Solution of the Poisson–Boltzmann Equation about a Cylindrical Particle

Abstract

An analytical approximation is developed to the solution of the Poisson–Boltzmann equation about a charged cylindrical particle in an electrolyte solution. A symmetrical electrolyte is treated specifically, but the method applies also to nonsymmetrical ones. The analysis preserves the mathematical character of the exact problem and (as is shown by comparison with machine solutions) yields results with errors which are for most purposes negligibly small.
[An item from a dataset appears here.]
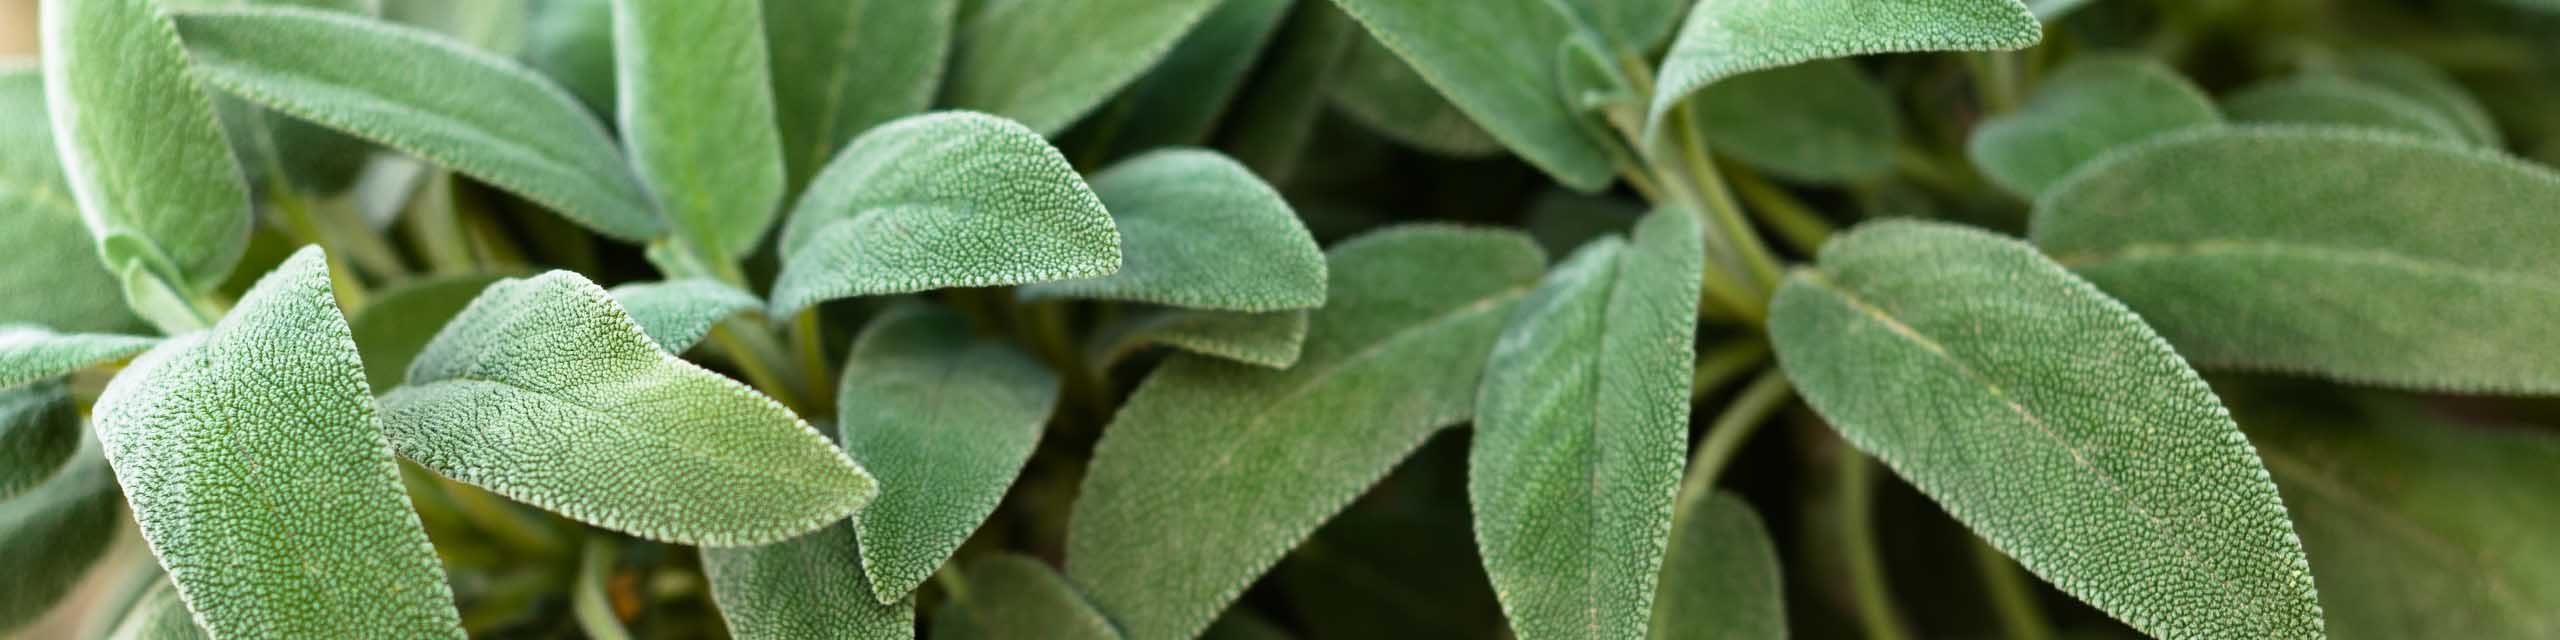 Close up of culinary sage plants growing in a herb garden.

The complete solution involves five separate cases depending on the value of ${\lim }_{\mathrm{R\to \infty }}{\mathrm{[\Psi \hspace{0.17em}/\hspace{0.17em}K}}_0\mathrm{(R)]}$ , where $R$ is the radial coordinate and $\Psi$ the electrostatic potential, both in dimensionless form. In two cases the singularity in $\Psi$ is at $\text{R\hspace{0.17em}=\hspace{0.17em}0}$ , and the Debye–Hückel solution is a uniformly valid, though quantitatively poor, approximation. In the other three cases the (physically relevant) singularity is away from the origin. Similar singular behavior would account for the limited success of iterative and regular perturbation schemes for the solution about the sphere.